Thank you again for your help.

Hi Seohyun. Are you saying that the boom and body are separated by 3 mms? I would expect that to be a undue driver of the simulation complexity as SPIS needs to resolve that gap volume well to allow plasma to flow through it in a realistic fashion, it’s easy to make the simulation unstable because of that, and the knowledge gain is minimal. I think physically connecting them would be more realistic.

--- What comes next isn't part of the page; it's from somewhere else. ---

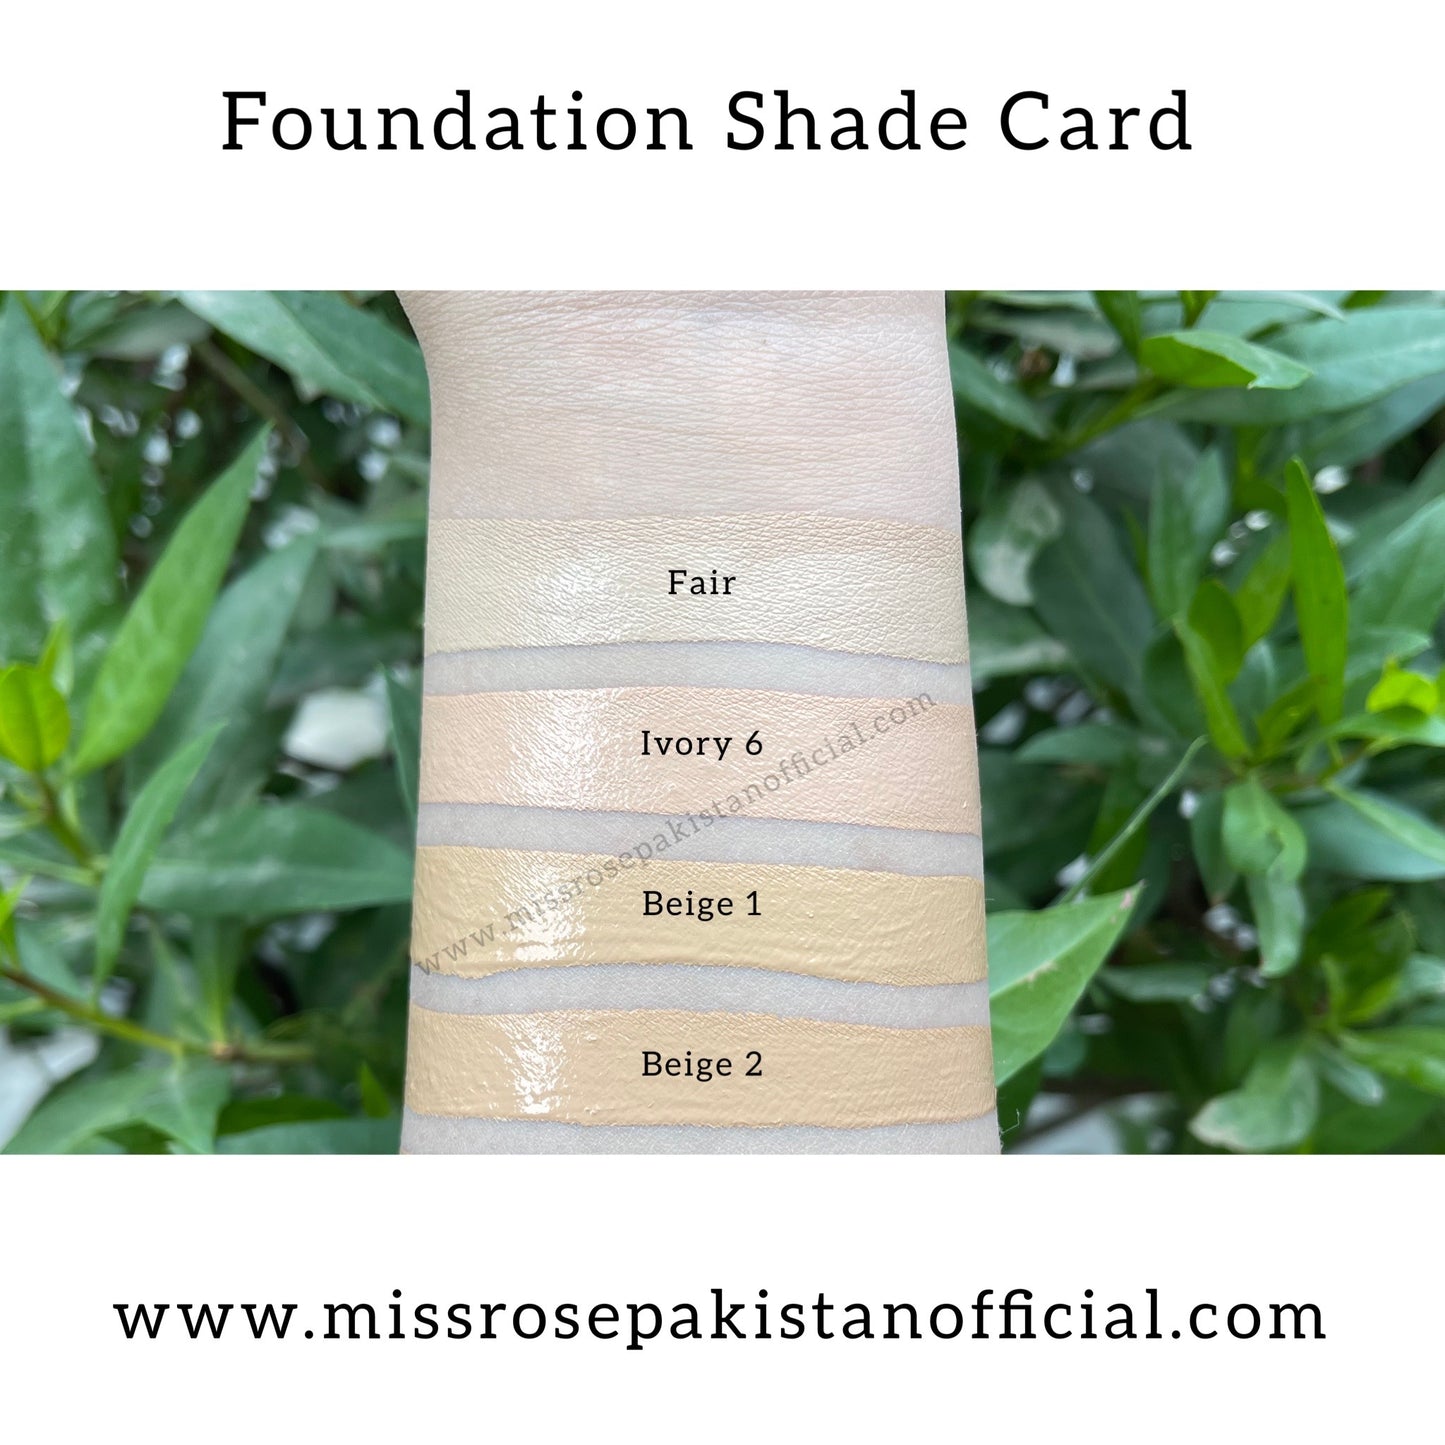 Miss Rose Pure Stay Foundation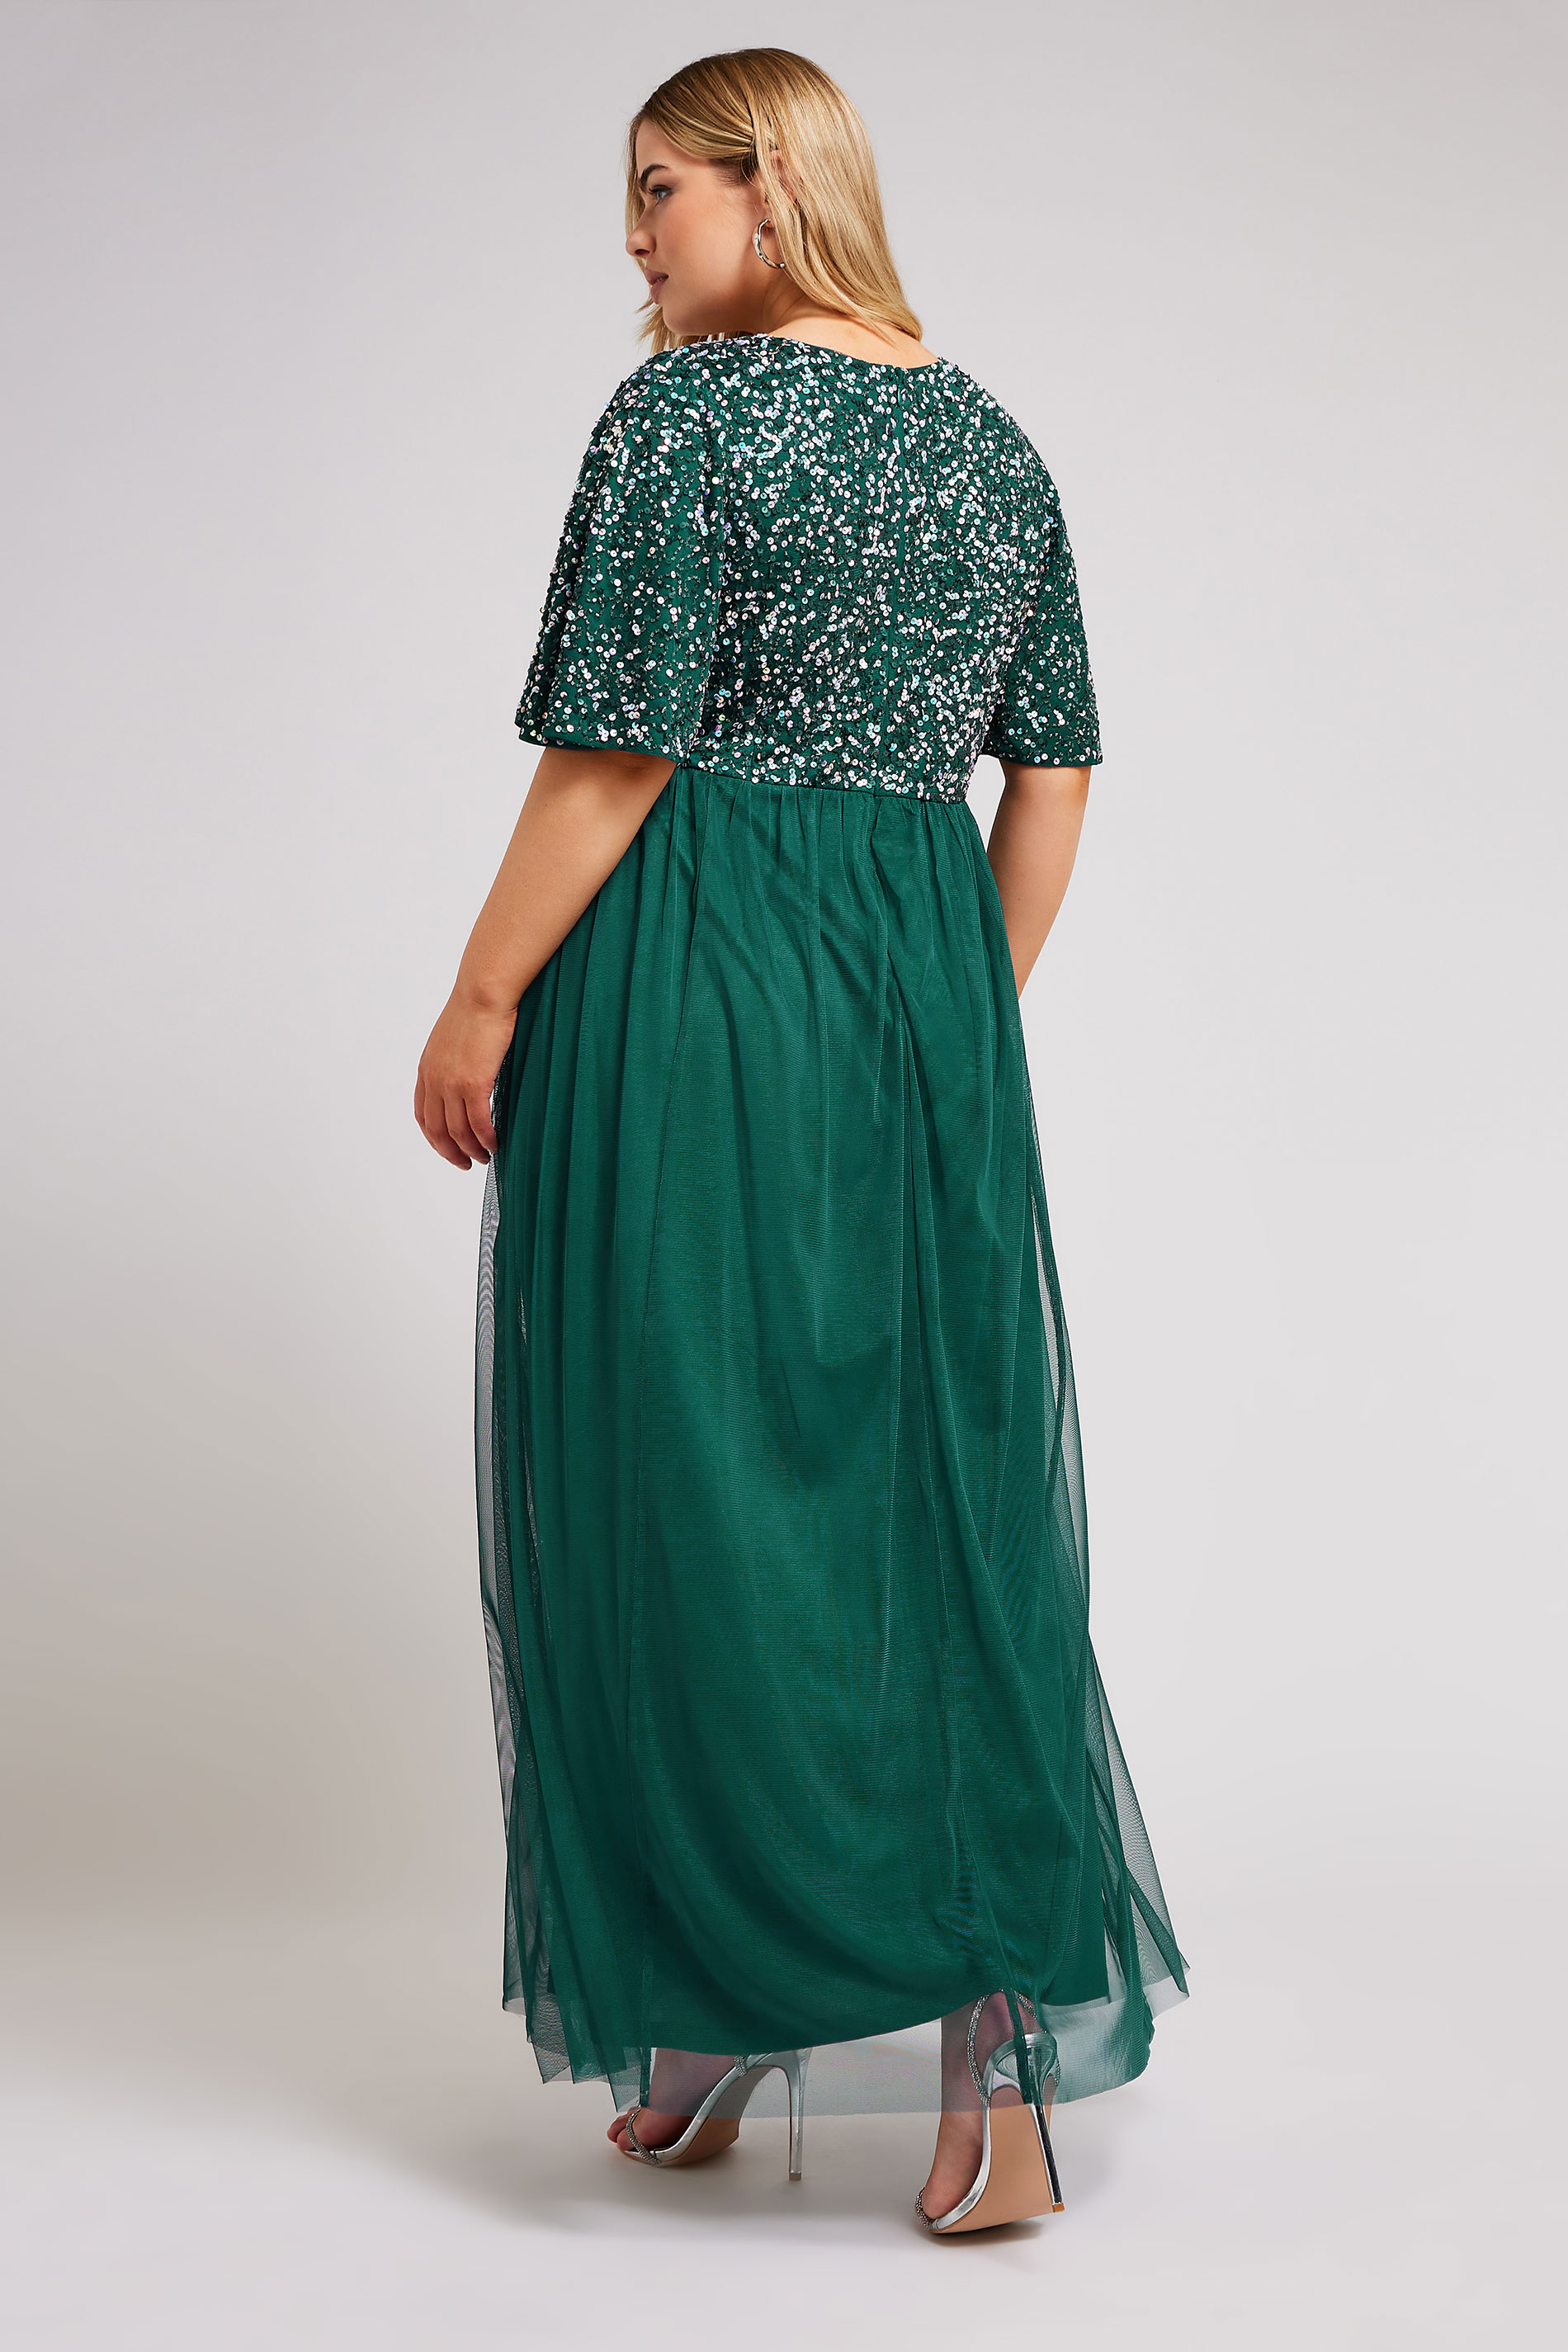 LUXE Plus Size Forest Green Sequin Hand Embellished Maxi Dress | Yours Clothing 3

On your questions, paragraph 1. the answer is yes if these materials are physically connected. If the capacitive coupling goes through the plasma, and I don’t expect this effect to be as large as you describe.

paragrah 2. Yes, I am. Have a look at surface potentials. plot the volume potential and look at the potential distribution on the surface. the “min/max/average surface and ground potentials” are just three/four points, but the reality is a full distribution. Indeed.

paragraph 3. I pointed out some already. collected currents vs time are only one diagnostic, the truth is in the plasma. If you see plasma potential or plasma density features you cannot explain, you probably hit some instability. The good thing about numerical instabilities is that it cares about ridiculous things that the universe does not. If you increase the simulation volume or enhance mesh resolution and you see a large effect, you also know that your simulation hit some instability.